- Problem to solve -
What you return must match the listing below character for character, minus any pictures.

- Recorded information -
►
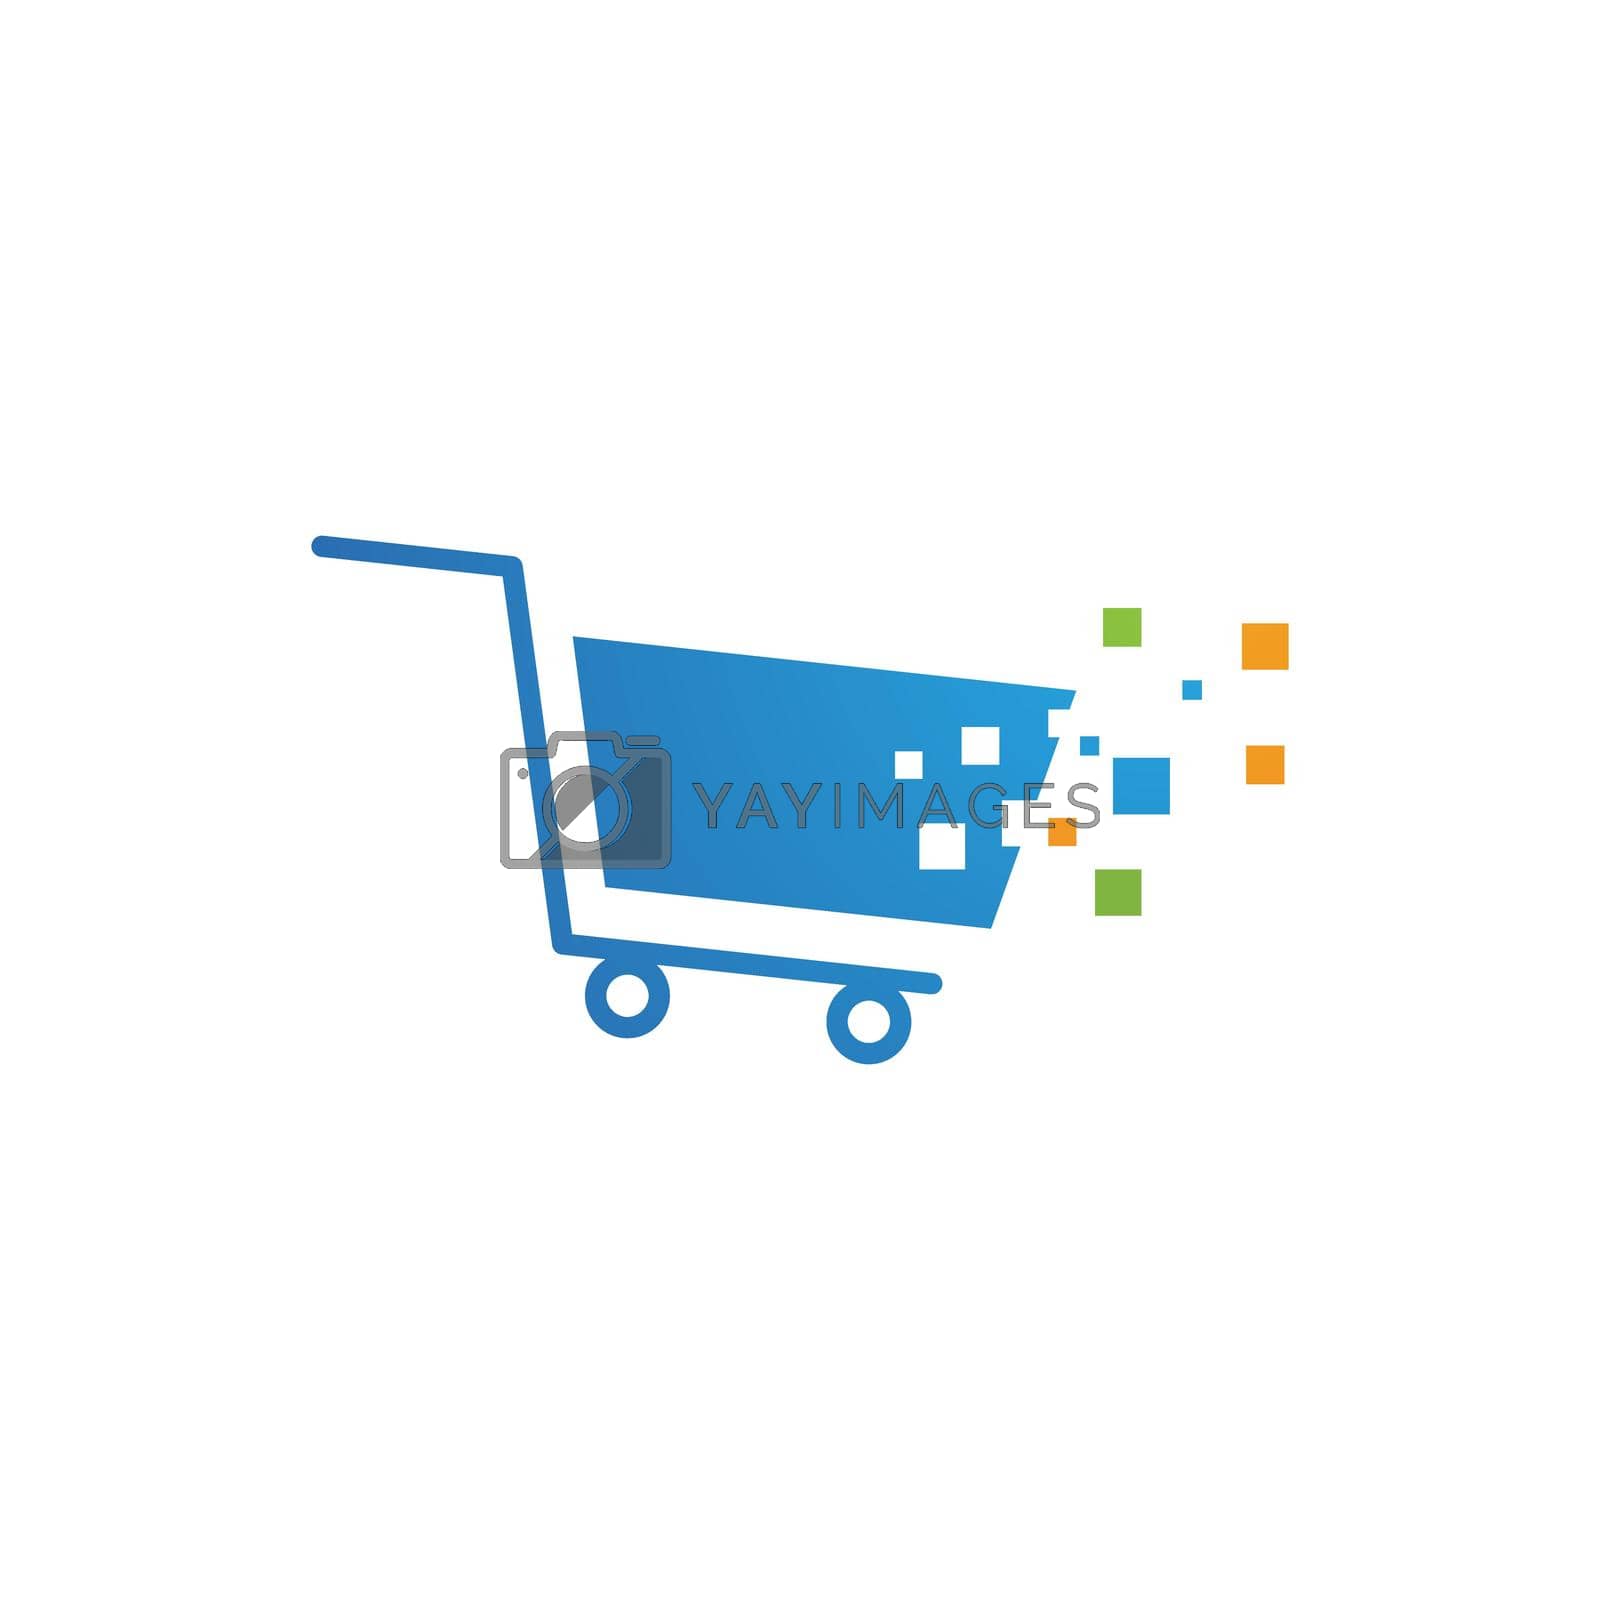 Royalty free image of Trolley icon by awk
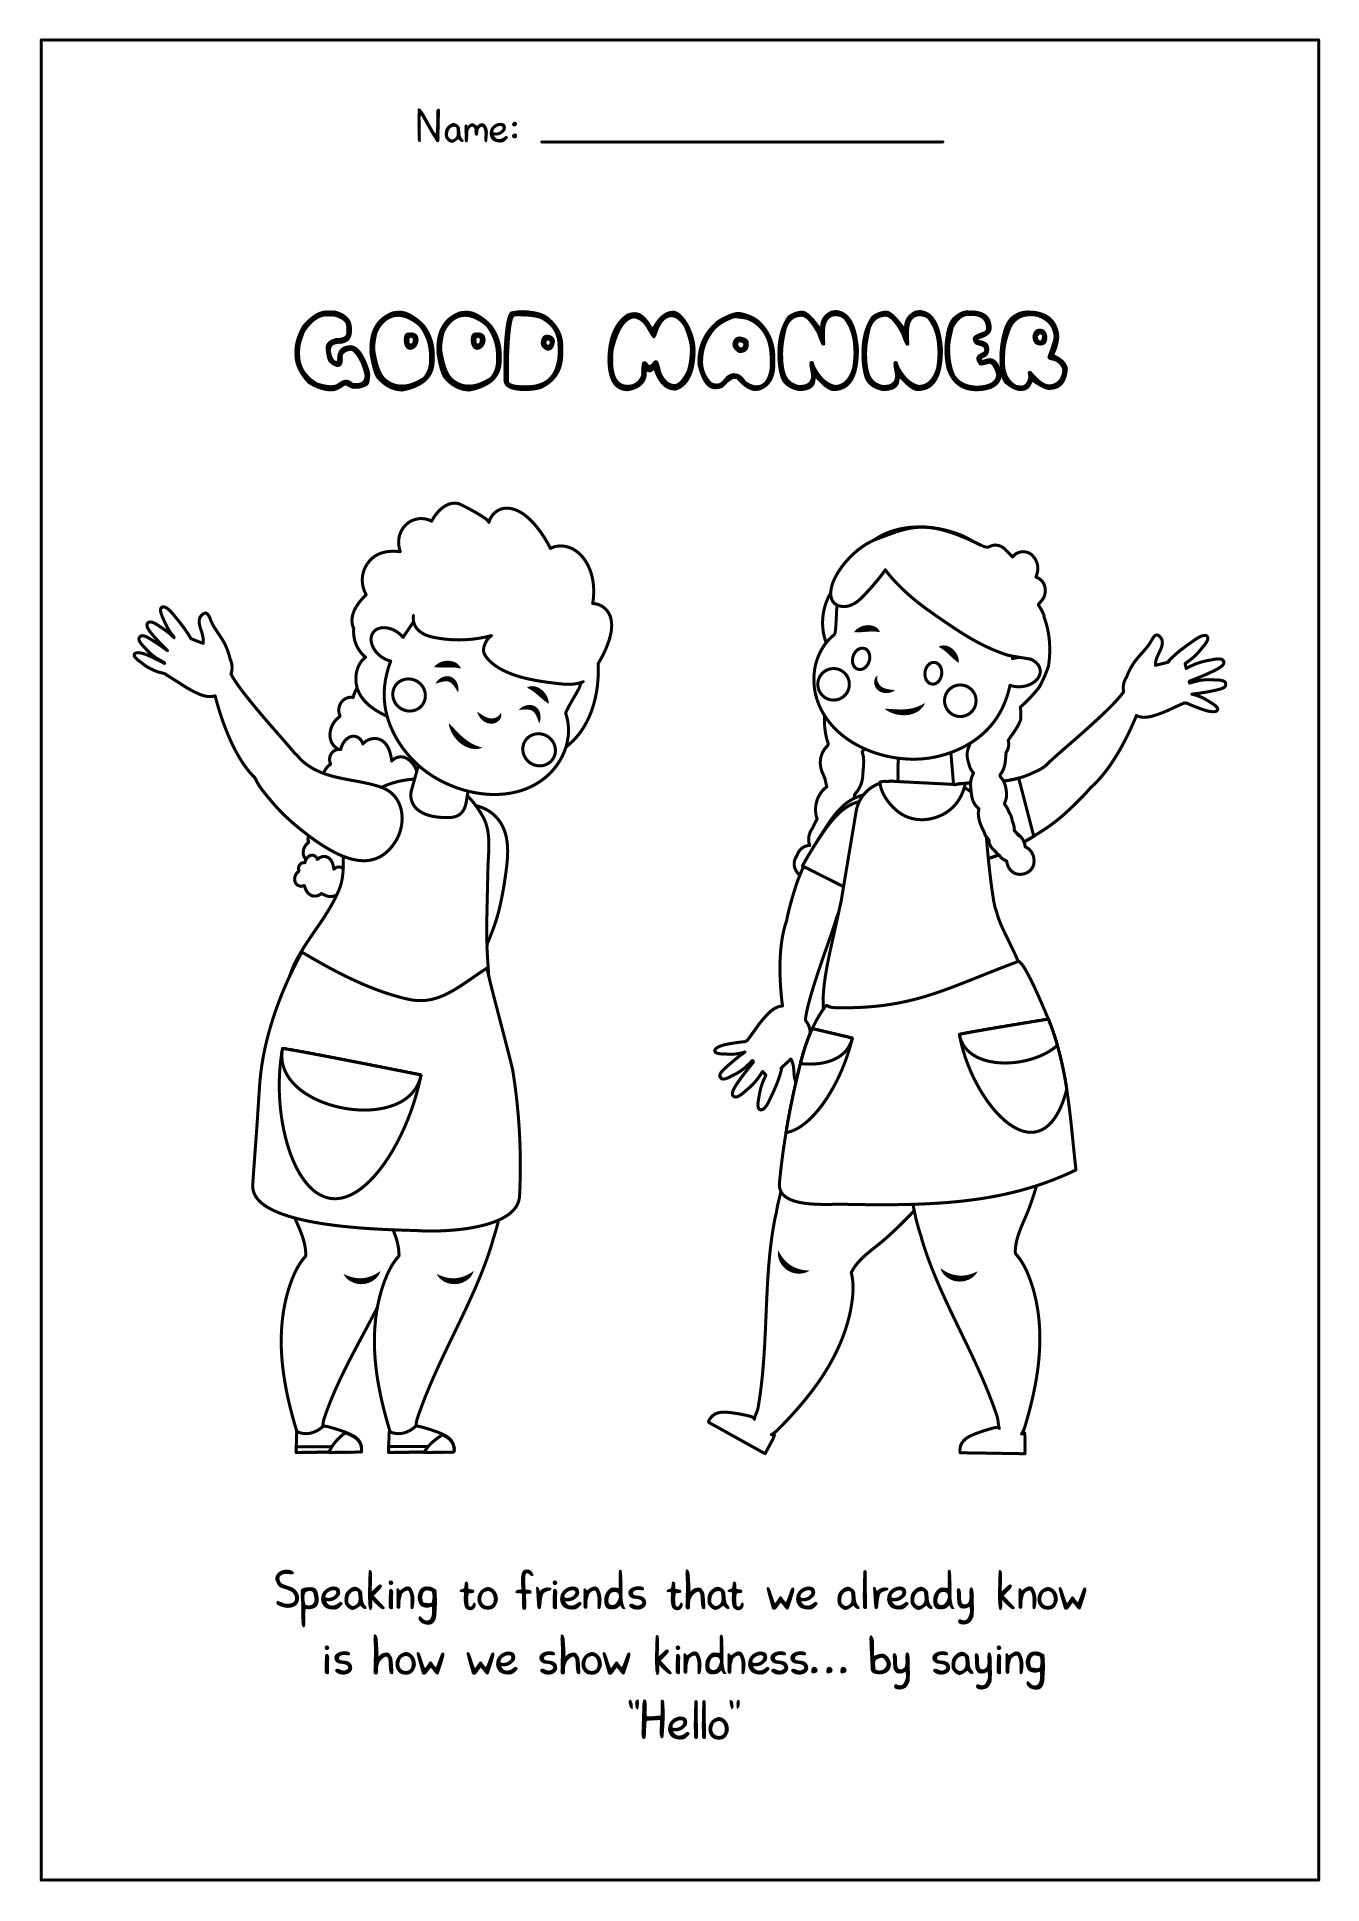 manners for children coloring pages - photo #12
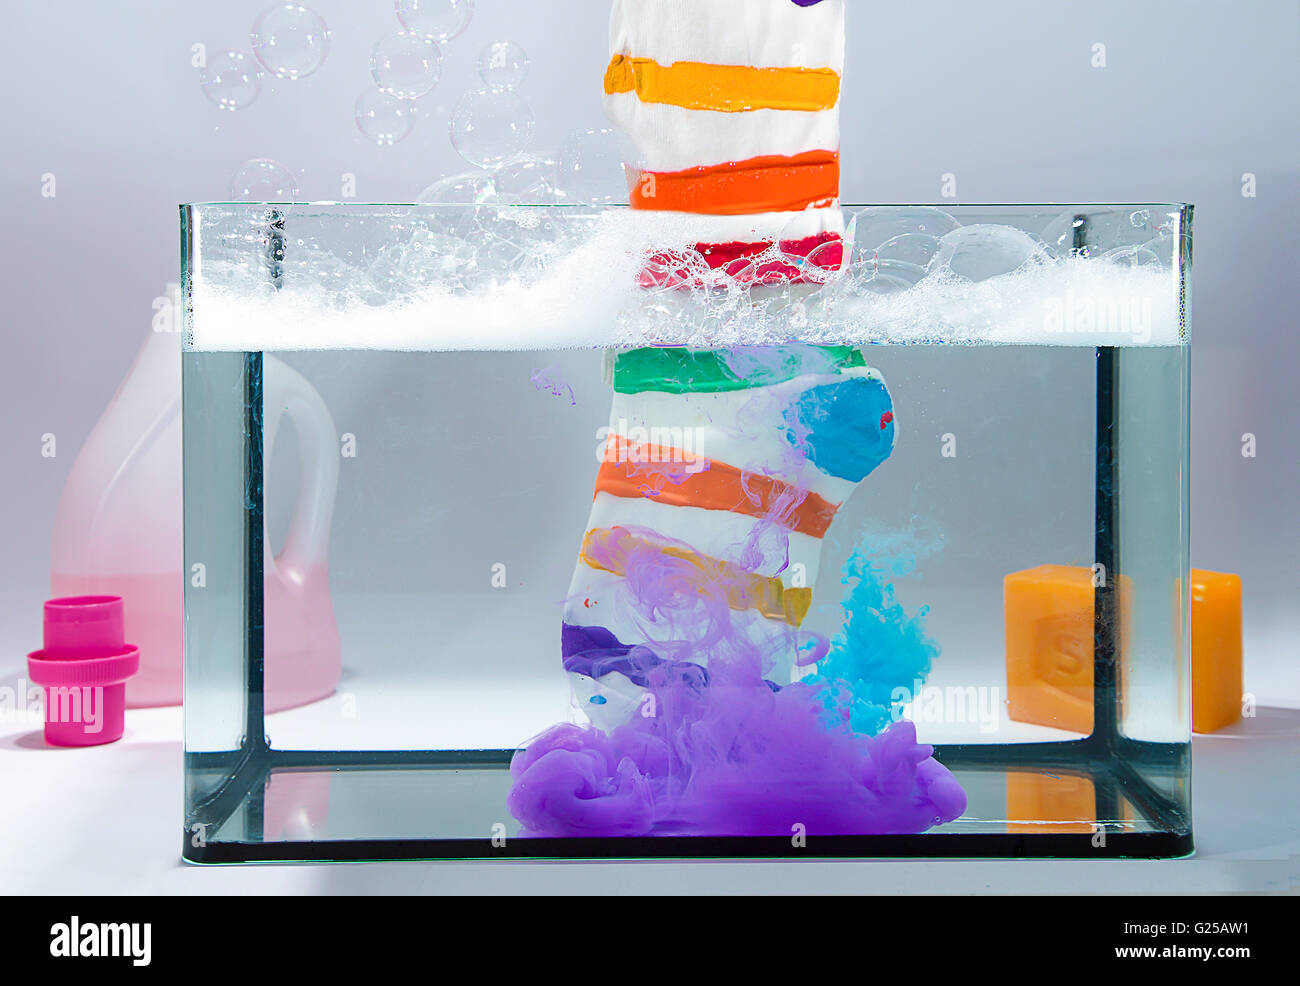 Multi-colored striped stock in tank of water with bleach Stock Photo
◄
- Task answer -
 Royalty free image of Trolley icon by awk
 manners for children coloring pages - photo #12
 Multi-colored striped stock in tank of water with bleach Stock Photo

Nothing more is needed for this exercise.